05 November 2023

CHEATER, CHEATER PUMPKIN EATER

CHEATER, CHEATER PUMPKIN EATER

By Andy Weddington

Sunday, 05 November 2023


A thing worth having is a thing worth cheating for. - W. C. Fields


The big jack-o-lantern I carved with a simple happy face still rests atop a small white wrought iron decorative table on the front porch. 

Endurance a repeat of last year - eventually taking the collapsing decor to the woods for the animals and insects to devour. 

As to the carve, I didn't cheat - went old school with black magic marker and a butcher and paring knife. 

Then seasoned and slow-roasted the seeds. 

I remember the day when the personified squash couldn't make it through Halloween night - porch pirate (term invented since) pranksters snatching and smashing in the street. 

Our neighborhood today is different. 

Or the youngsters just have not yet aged into prankster phase. 

We did leave a couple hefty bowls of candy on the porch - with sign suggesting one or two - trusting in the honor system. 

But cheaters wiped them out.

The jack-o-lantern witnessed. He's mute. 

A couple of cheating related stories in recent news caught my eye. 

One about a male playing in a girls field hockey game who inflicted considerable damage on a girl's face - fracture, teeth knocked out, bruising, etc. 

Ridiculous. 

Males are dominating females in the swimming pool, bicycling, on courts and fields, and on stage - in beauty pageants. 

Yes, beauty pageants. 

Puzzling (to me) is why the females continue to compete?

The other story is about some sort of signal stealing brouhaha by the University of Michigan football team.

A coach was caught. 

Puzzling (to me) is why this is an issue?

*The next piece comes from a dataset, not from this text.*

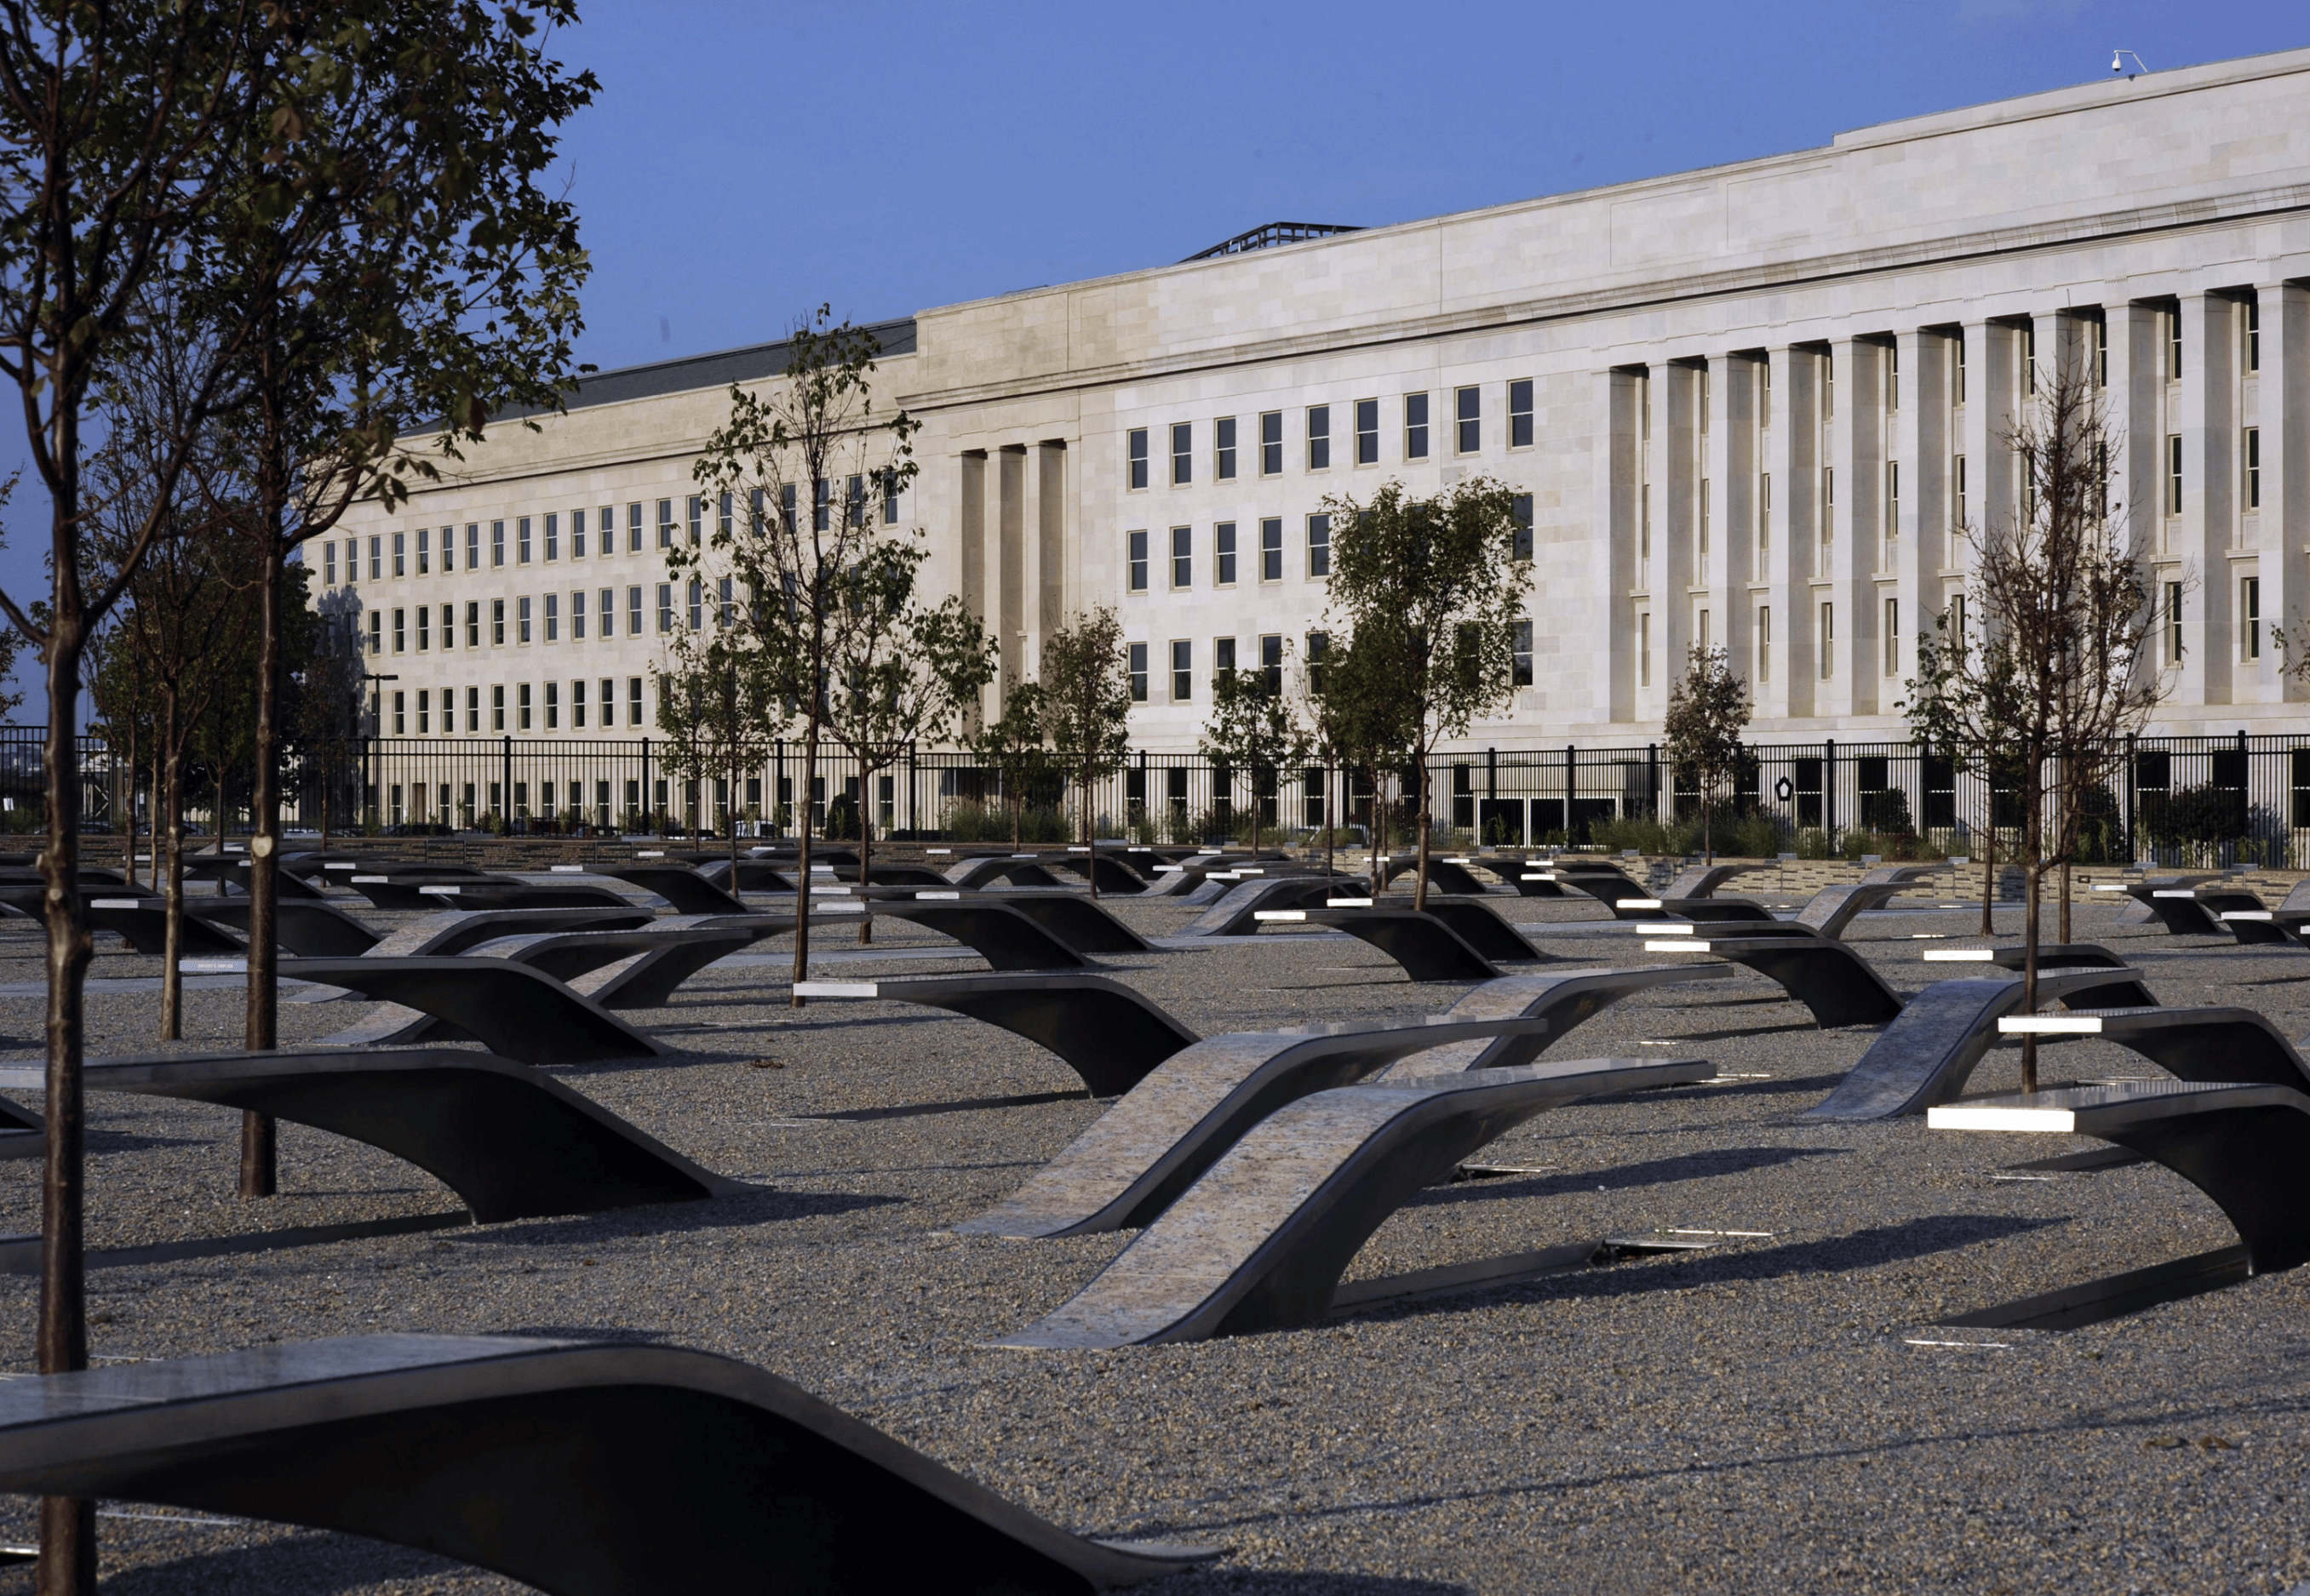 Ghé Thăm Pentagon Memorial Du Khách Có Thể Tới đây để Tưởng Niệm Và Học Hỏi Về Sự Kiện Lịch Sử Quan Trọng Này

I played football in youth. 

In fact, a couple of those years my dad (a quite good high school player) was head coach.

He taught fundamental football - hard tackling and blocking and punishing running.  

He designed the offense's plays. 

His lesson to the team: If every boy carries out his assignment, every play is a touchdown. In fact, boys, we can tell the defense where we're going and if you carry out your assignment we score. 

That was his theory. Mastery of the basic skills of the game. We won. 

Granted college (and pro) football is another level but hard tackling and blocking and punishing running better than the opponent required. 

Stolen signals?

Ho hum. So what. 

Theft. 

Cheating.

Getting an edge on the opposition. 

Call it what you will but it goes on in everything. 

Intellectual property.

Is that what a secret signal in football amounts to?

Rather amusing.

During World War II the Allies, unbeknownst to the enemy, got their hands on a German enigma machine and broke their secret signals. 

In all my reading of World War II I don't recall any allegations of cheating by the Americans and Allies. 

That was theft of intellectual property.

Long ago I walked away from spending irreplaceable time watching sports.

Sportsmanship. 

Mature boys facing off with girls? 

Will even a death end such craziness? 

Football signals so secret there's firestorm?

Sports is not war; despite coaches and players using the analogy on game day. 

Life is not fair and in many a sense is war. 

Instinct is to survive.

If instinct to survive is not clever and strong enough to ward off hostiles then guess what. 

There's real war underway across the sea. 

Secrets and theft and trickery along with hard tackling and blocking and punishing running will determine winner - the survivor. 

Whines of foul?

Hahaha. 

Mask secret signals with dummy secret signals, dummy.

Get Smart!  

Or perish. 

And for Pete's sake, eat seasoned slow-roasted pumpkin seeds. They're good for the brain, and brawn, and just may keep you from getting beat to a pulp.   

2 comments:

Rob Barrow said...

They need to get over it. In baseball there are all sorts of signals. The catcher holds his fingers - 1, 2, 3 - to the pitcher recommending the type of pitch to throw to the batter. The pitcher keeps the ball in his close until the last moment as not to disclose to the batter what type of grip he has on the seams as not to disclose the type of pitch about to be thrown. Base coaches give signals to the batter and any runner on base. Same reasons apply as above. Professional football coaches hold their play cards in front of their mouth so no one can read their lips and thus know the play coming when they’re passing it verbally to the QB’s earpiece. Of course an opponent will act if the play is known. Duh!
Barrow sends.

Ed Fitz said...

Your Dad was right about offensive football plays. Every play will score a touchdown. Whenever all 11 offensive players do their job. However, I suspect most of today's football fans don't realize this fact.